According to a Kurdish shipping source who spoke to Reuters, the flows resumed on Monday after a technical stoppage for several hours that had completely halted the flow of crude.
The flow was still reduced to 200,000-220,000 bpd, according to the source.
The typical flow of the pipeline is some 600,000 bpd, and it has been used by both the Kurdistan Regional Government (KRG) and the central Iraqi government and its North Oil Company (NOC) for exports of crude oil from the fields in northern Iraq.

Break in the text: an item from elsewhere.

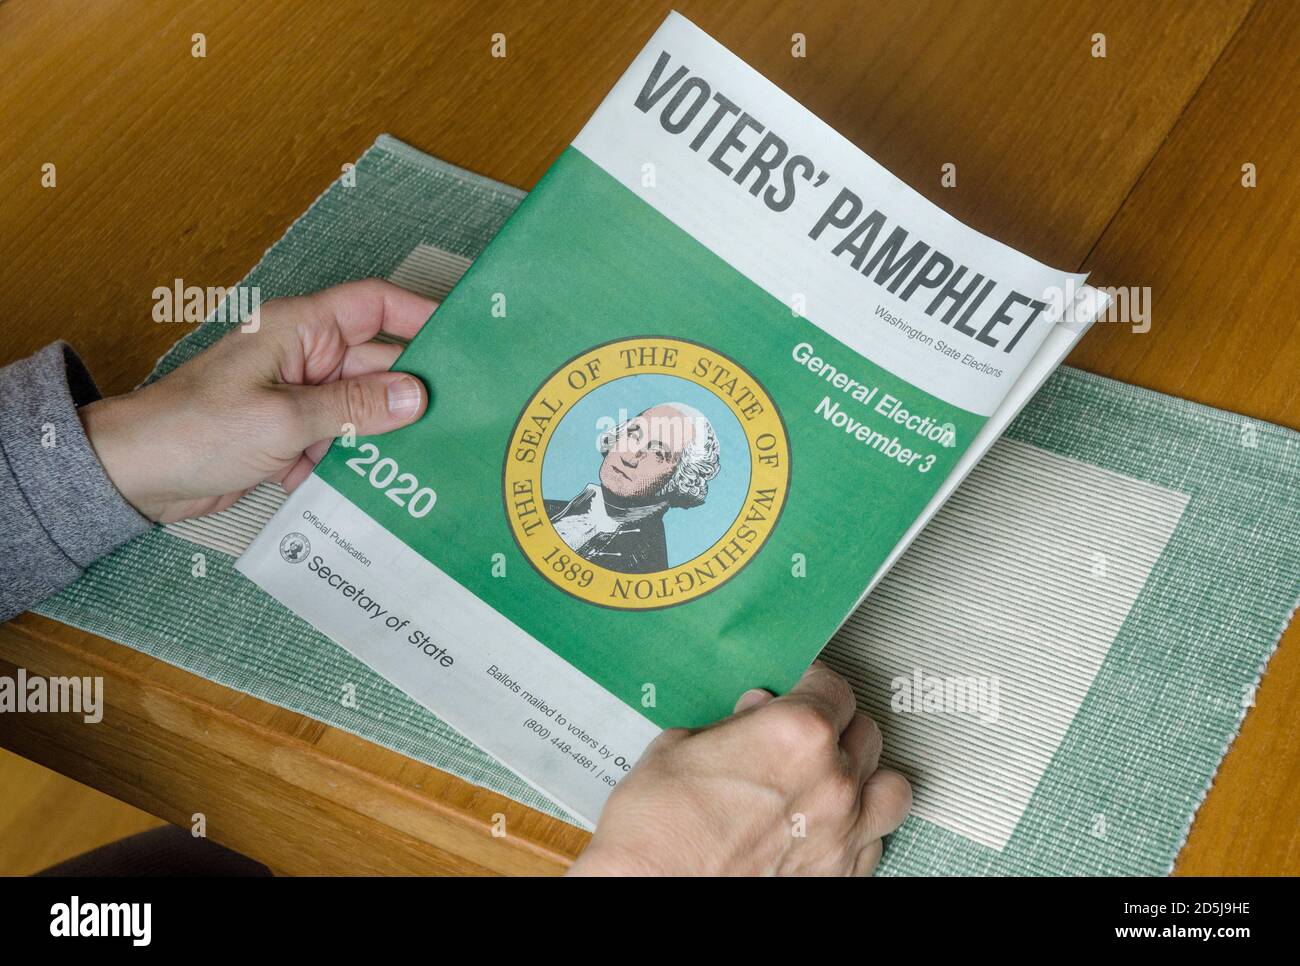 Un électeur tient la brochure des électeurs, qui contient des informations sur les candidats et les mesures à l'échelle de l'État pour le public. Banque D'Images

However, following the Kurdistan region’s referendum which Iraq did not recognize, Iraq’s government forces completed in mid-October an operation to seize control of all oil fields that Iraqi state-held North Oil Company operates in the oil-rich Kirkuk region from Kurdish forces. A day later, disruptions in oil flows started, with reports that the flow of crude oil from Kirkuk to Ceyhan had plummeted to some 225,000 bpd, from around 500,000 bpd the previous day.
Disruptions continued throughout the following week, and as of October 24, exports were estimated to have been down by 200,000 bpd since the beginning of the month.
In the middle of last week, Iraq’s central government started pumping oil from Kirkuk to Ceyhan, as it started exporting from the Avana field in Kirkuk via the Kurd-operated pipeline to Ceyhan. North Oil Company was then said they would also work to begin exporting from the nearby Bai Hassan oil field.
Most of Iraq’s crude oil production is shipped from the southern port of Basra, but in the north, the government must rely on the Kurdish Kirkuk-to-Ceyhan route for exports from its fields in the Kirkuk area until a pipeline that bypasses Kurdistan is repaired.